27 May 2024 | Yuanhui Huang, Wenzhao Zheng, Yunpeng Zhang, Jie Zhou, Jiwen Lu
**GaussianFormer: Scene as Gaussians for Vision-Based 3D Semantic Occupancy Prediction**
**Authors:** Yuanhui Huang, Wenzhao Zheng, Yunpeng Zhang, Jie Zhou, and Jiwen Lu
**Institution:** Tsinghua University, University of California, Berkeley, PhiGent Robotics
**Abstract:**
This paper addresses the challenge of 3D semantic occupancy prediction, which aims to predict the fine-grained geometry and semantics of the surrounding scene for robust autonomous driving. Traditional methods often use dense grids like voxels, which ignore the sparsity of occupancy and the diversity of object scales, leading to inefficient resource allocation. To tackle this, the authors propose an object-centric 3D semantic Gaussian representation, where each Gaussian represents a flexible region of interest with its mean, covariance, and semantic features. The GaussianFormer model uses sparse convolution and cross-attention to transform 2D images into 3D Gaussian representations. An efficient Gaussian-to-voxel splatting module generates dense 3D occupancy predictions by aggregating neighboring Gaussians. Extensive experiments on the nuScenes and KITTI-360 datasets show that GaussianFormer achieves comparable performance to state-of-the-art methods with significantly reduced memory consumption (75.2% - 82.2%).

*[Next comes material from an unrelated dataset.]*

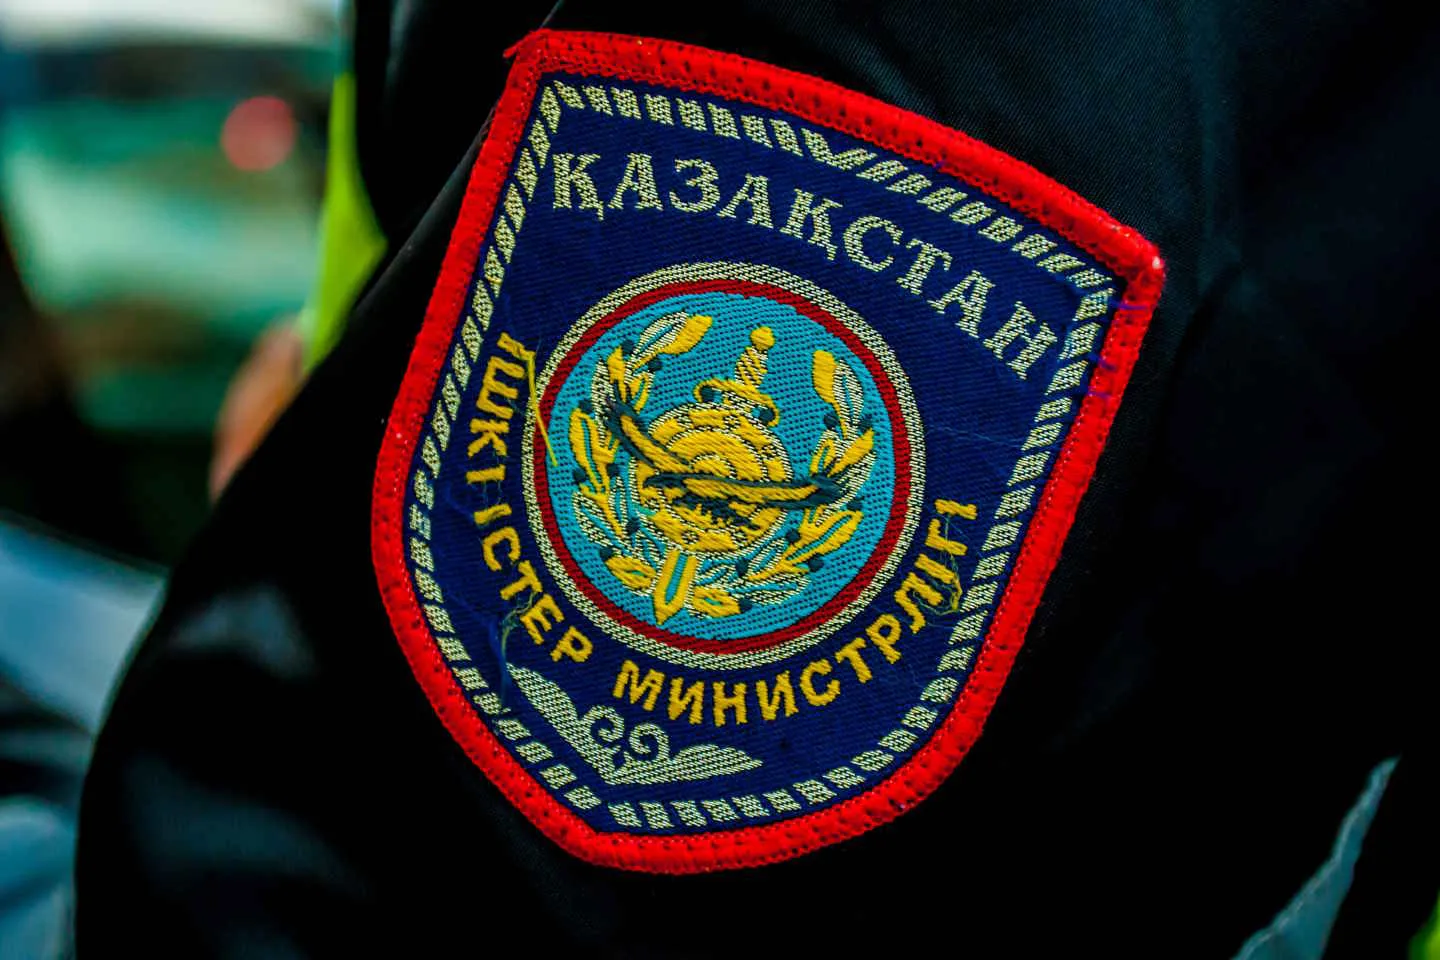 Происшествия в Казахстане и мире / Криминальные новости / Более 150 кг наркотиков изъяли полицейские за вторую декаду декабря в РК

**Keywords:** 3D occupancy prediction, 3D Gaussian splitting, Autonomous Driving
**Introduction:**
The paper discusses the limitations of existing methods, such as dense voxel representations and bird's-eye-view (BEV) representations, which suffer from redundancy and loss of detail. The proposed 3D Gaussian representation adaptively describes regions of interest, allowing for better resource allocation and efficiency. The authors also introduce the 3D Gaussian splatting method, which efficiently generates 3D occupancy predictions from 3D Gaussians.
**Related Work:**
The paper reviews existing methods for 3D semantic occupancy prediction, including voxel-based methods, BEV-based methods, and 3D Gaussian splatting methods. It highlights the advantages and limitations of each approach, emphasizing the need for a more flexible and efficient representation.
**Proposed Approach:**
The paper details the GaussianFormer model, which includes self-encoding, image cross-attention, and property refinement modules. The model learns meaningful 3D Gaussians from multi-view images and refines their properties iteratively. The Gaussian-to-voxel splatting module efficiently generates 3D occupancy predictions using local aggregation.
**Experiments:**
The paper evaluates GaussianFormer on the nuScenes and KITTI-360 datasets, demonstrating its effectiveness and efficiency. The results show that GaussianFormer achieves comparable performance to state-of-the-art methods while significantly reducing memory consumption.
**Conclusion:**
The paper concludes by discussing the limitations of GaussianFormer and suggesting future directions for improvement. The authors highlight the potential of 3D Gaussians in capturing fine details and efficiently allocating resources, making**GaussianFormer: Scene as Gaussians for Vision-Based 3D Semantic Occupancy Prediction**
**Authors:** Yuanhui Huang, Wenzhao Zheng, Yunpeng Zhang, Jie Zhou, and Jiwen Lu
**Institution:** Tsinghua University, University of California, Berkeley, PhiGent Robotics
**Abstract:**
This paper addresses the challenge of 3D semantic occupancy prediction, which aims to predict the fine-grained geometry and semantics of the surrounding scene for robust autonomous driving. Traditional methods often use dense grids like voxels, which ignore the sparsity of occupancy and the diversity of object scales, leading to inefficient resource allocation. To tackle this, the authors propose an object-centric 3D semantic Gaussian representation, where each Gaussian represents a flexible region of interest with its mean, covariance, and semantic features. The GaussianFormer model uses sparse convolution and cross-attention to transform 2D images into 3D Gaussian representations. An efficient Gaussian-to-voxel splatting module generates dense 3D occupancy predictions by aggregating neighboring Gaussians. Extensive experiments on the nuScenes and KITTI-360 datasets show that GaussianFormer achieves comparable performance to state-of-the-art methods with significantly reduced memory consumption (75.2% - 82.2%).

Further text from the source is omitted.